Triple-Axis: Iran's Relations With Russia and China (Library of International Relations Book 86) by Ariane Tabatabai & Dina Esfandiary

Triple-Axis: Iran's Relations With Russia and China (Library of International Relations Book 86) by Ariane Tabatabai & Dina Esfandiary

Author:Ariane Tabatabai & Dina Esfandiary [Tabatabai, Ariane & Esfandiary, Dina]
Language: eng
Format: epub
Tags: International Relations, Comparative Politics, Political Science, Business & Economics, General
ISBN: 9781838609771
Google: rtuRDwAAQBAJ
Amazon: B07QG32SZV
Goodreads: 46036028
Publisher: I.B. Tauris
Published: 2018-07-30T00:00:00+00:00


Building an Army and Overcoming the Arms Embargo

Russia and China's willingness to work with Iran is important because of the arms embargo and sanctions that limit Tehran's arms procurement and defence cooperation. Following the failure of the first round of negotiations between Tehran and the Europeans on Iran's nuclear programme, the UN Security Council adopted resolution 1737 in December 2006. The resolution outlined an embargo on the export to and import from Iran of certain items and technology potentially related to nuclear weapons.42 While the resolution does not refer directly to conventional weapons, it includes missiles and other technologies that can be used for both conventional and military applications. When subsequent rounds of talks failed to produce an outcome, a 2010 UNSC Resolution expanded on the arms embargo outlined in UNSC Resolution 1737 and adopted conventional arms and ballistic missile embargoes against Iran in paragraphs 8 and 9 of the resolution.43 The resolution also provided that the embargoes would be lifted if Iran agreed to implement all measures related to previous Security Council resolutions and negotiate on its nuclear programme. As a result, the conventional and ballistic missile embargoes should have been lifted when Iran agreed to the Interim Agreement on its nuclear programme in 2013. Instead, they were maintained throughout the end of the negotiations and most importantly, in a significant concession by Iran, for another five years for the embargo on conventional weapons and eight years for the ballistic missile embargo – once the IAEA certifies that the country's nuclear programme is purely peaceful in nature.
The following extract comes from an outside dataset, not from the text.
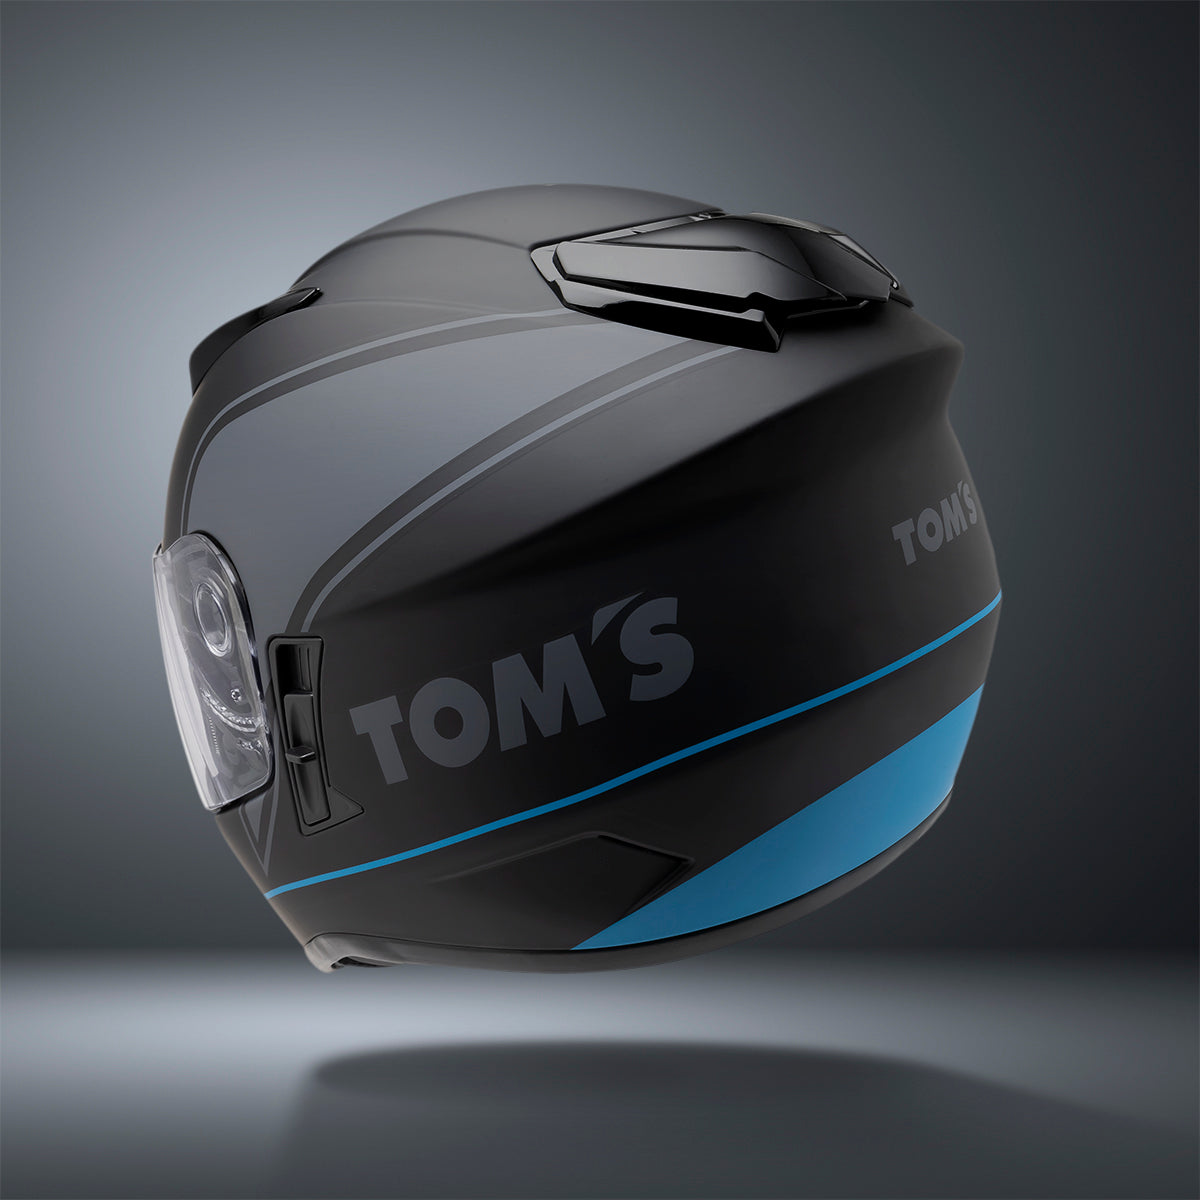 Toms Racing Helmet

As a result, until 2020 at the earliest, Iran's ability to purchase armaments and military gear will be subject to Security Council approval, which gives the permanent members of the Council veto power over such deals.44 While having to present the potential military sales to the Council is a nuisance, it was enough of a loophole for Russia and China to once again explore the sale of military hardware to Iran, which Tehran cannot get from any other serious providers because of its status as a pariah state. US and other unilateral sanctions on the purchase of weapons and ballistic missile parts will likely remain unless individual states decide otherwise. But once the stated five and eight years for conventional weapons and ballistic missiles respectively elapse, Iran will be free to purchase whatever military and missile kit it wants from the international market. This will likely provide a significant boost to Russian and Chinese sales of military arsenal to Iran, given their history of collaboration in this field and the existing links between their military industrial complexes, most notably with Russia. Moreover, while other states may still refrain from providing the Islamic Republic with weapons and military equipment, Russia and China have no qualms doing so. In fact, the post-JCPOA fanfare surrounding military cooperation between Iran and China, on the one hand, and Iran and Russia, on the other, suggest as much.